**Aim of the exercise**. No image is to be carried over; reproduce the rest of the listing word for word.

**Material provided**.
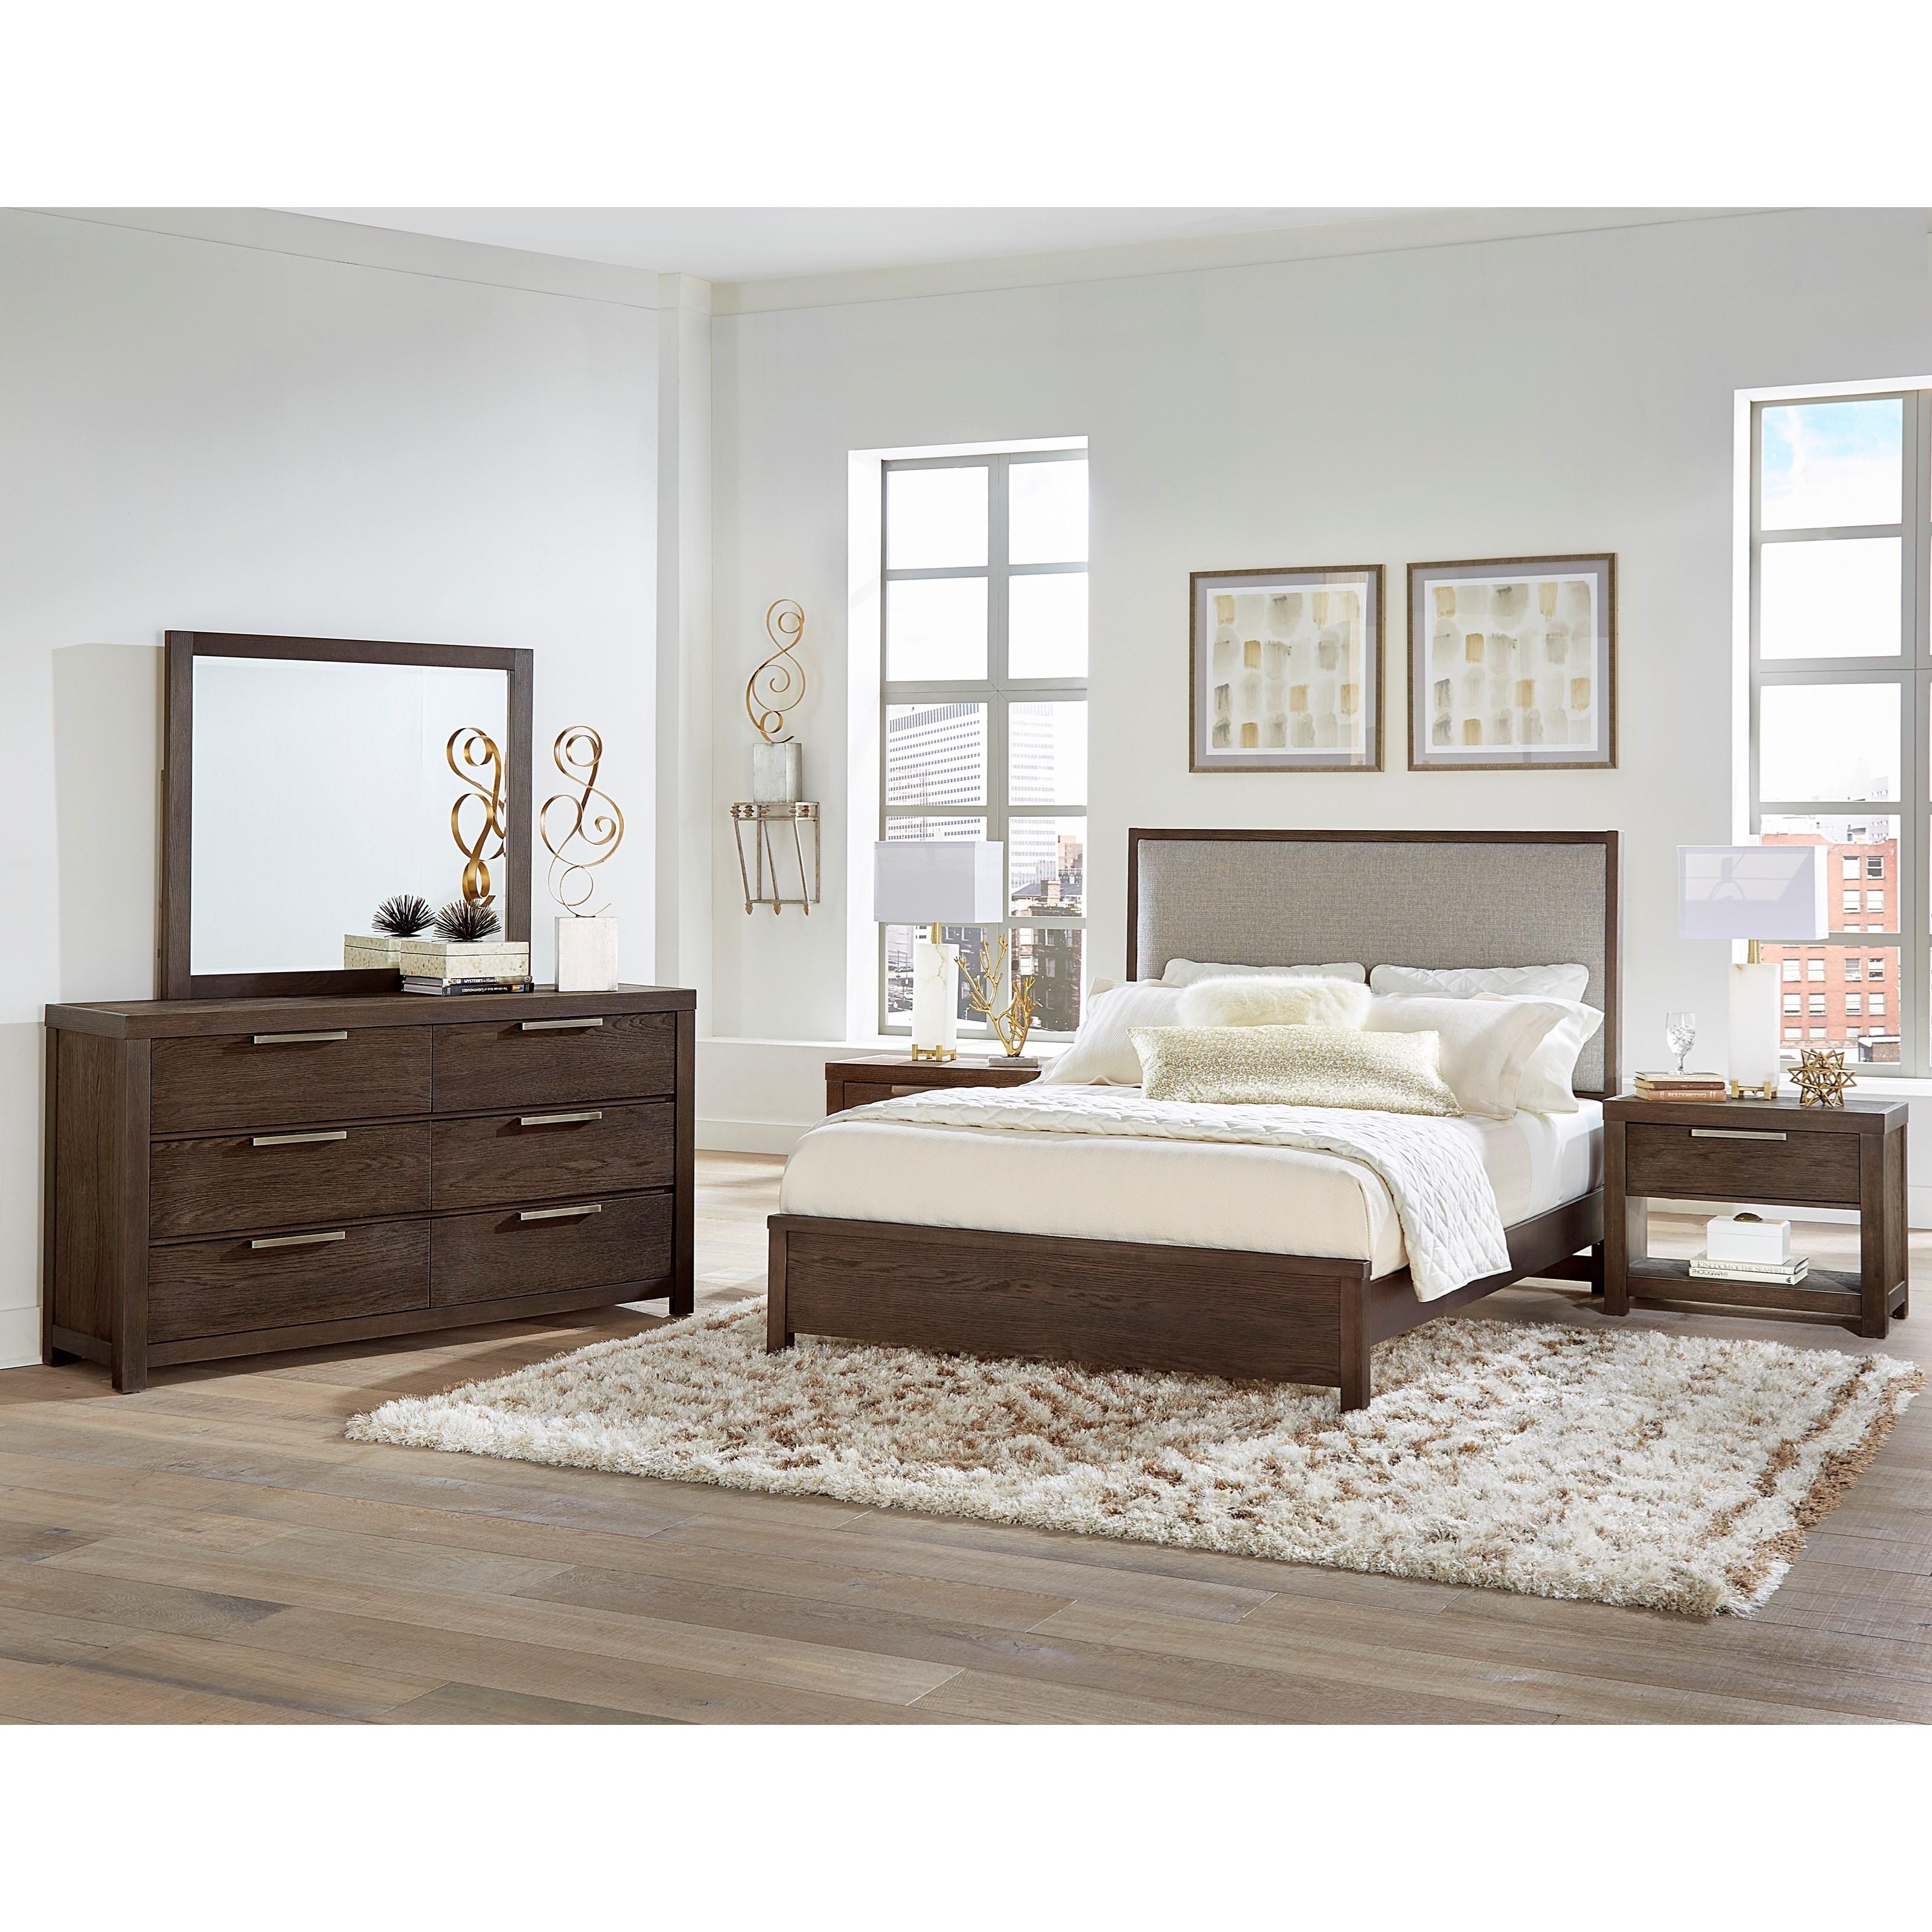 Vaughan Bassett American Modern King Bedroom Group - Item Number: 650 K Bedroom Group 1
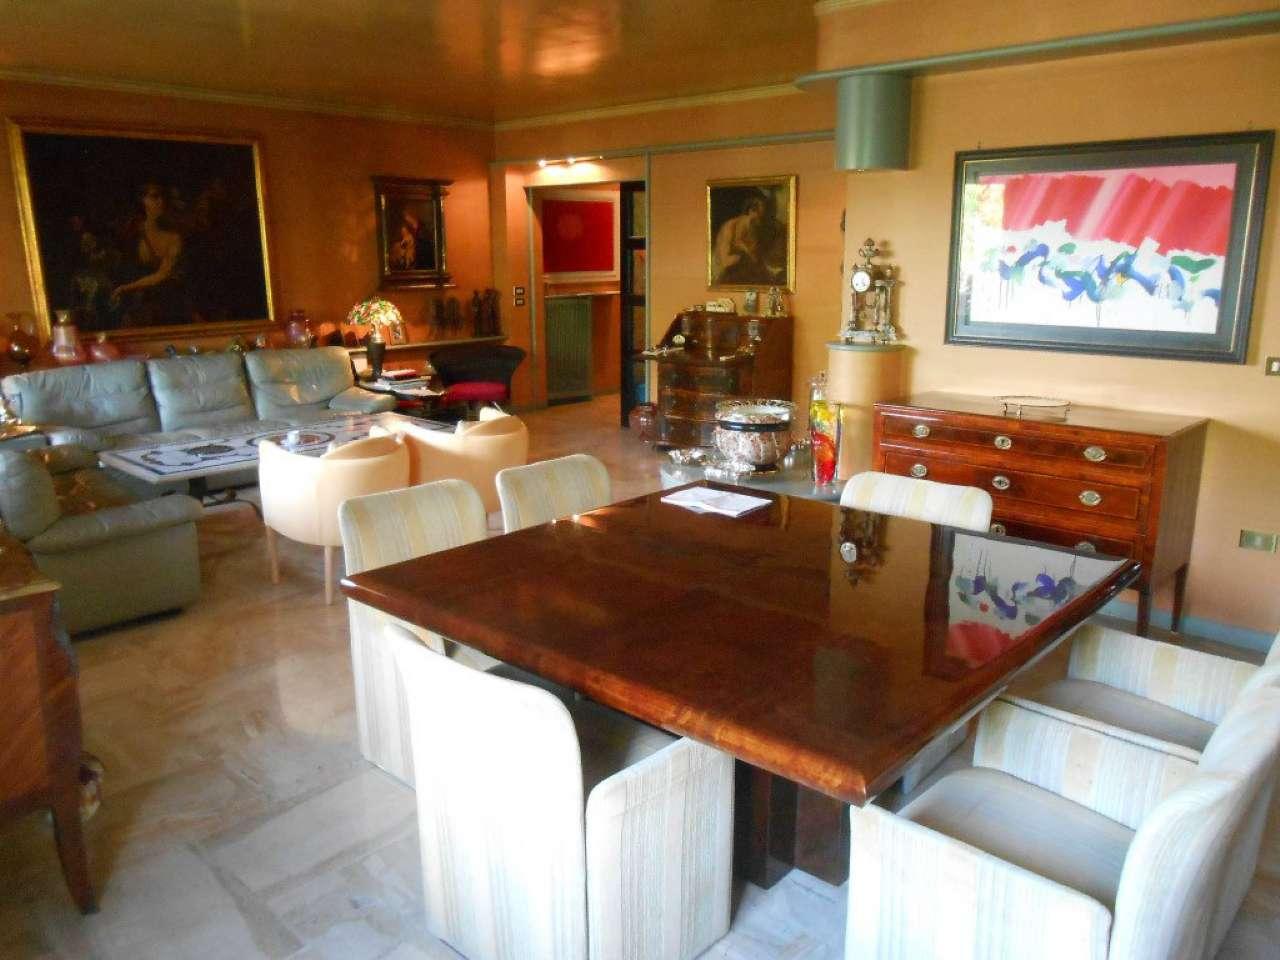 Appartamento in vendita a Venezia, 10 locali, zona Zona: 11 . Mestre, prezzo € 380.000   CambioCasa.it
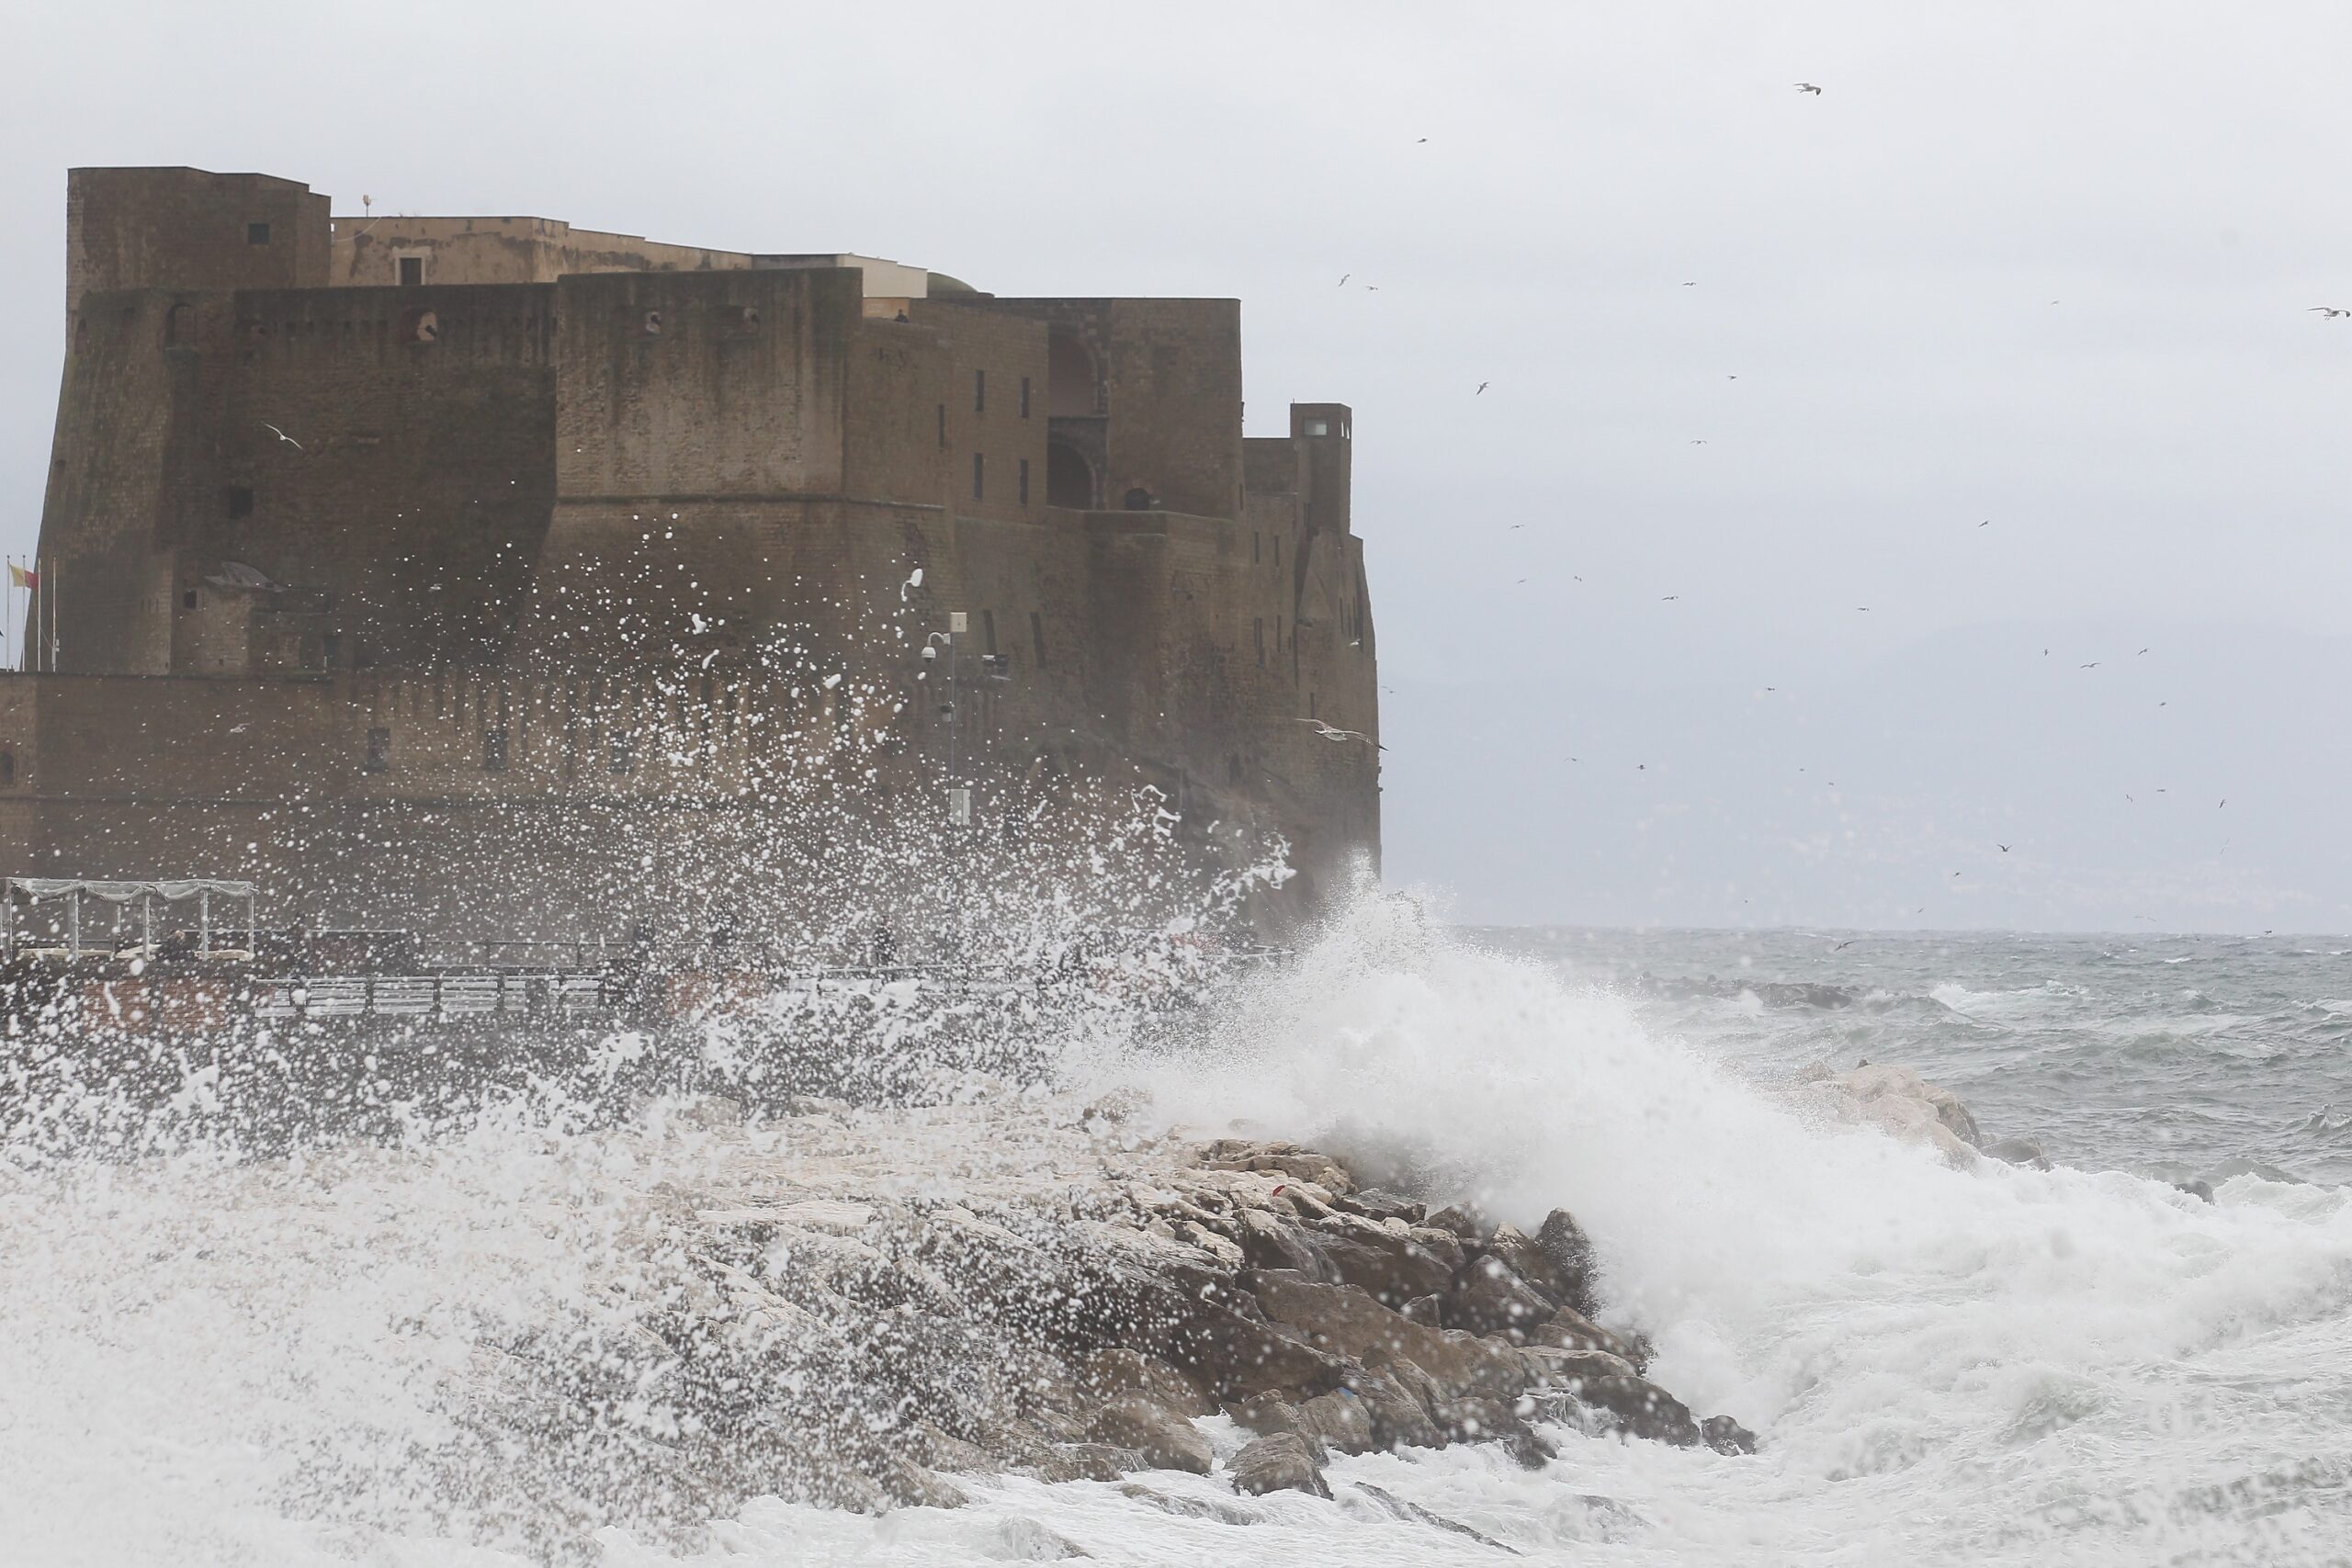 Allerta meteo Napoli scuole chiuse domani: ecco perchè non c'è la decisione

**Written reply**.
 Vaughan Bassett American Modern King Bedroom Group - Item Number: 650 K Bedroom Group 1
 Appartamento in vendita a Venezia, 10 locali, zona Zona: 11 . Mestre, prezzo € 380.000   CambioCasa.it
 Allerta meteo Napoli scuole chiuse domani: ecco perchè non c'è la decisione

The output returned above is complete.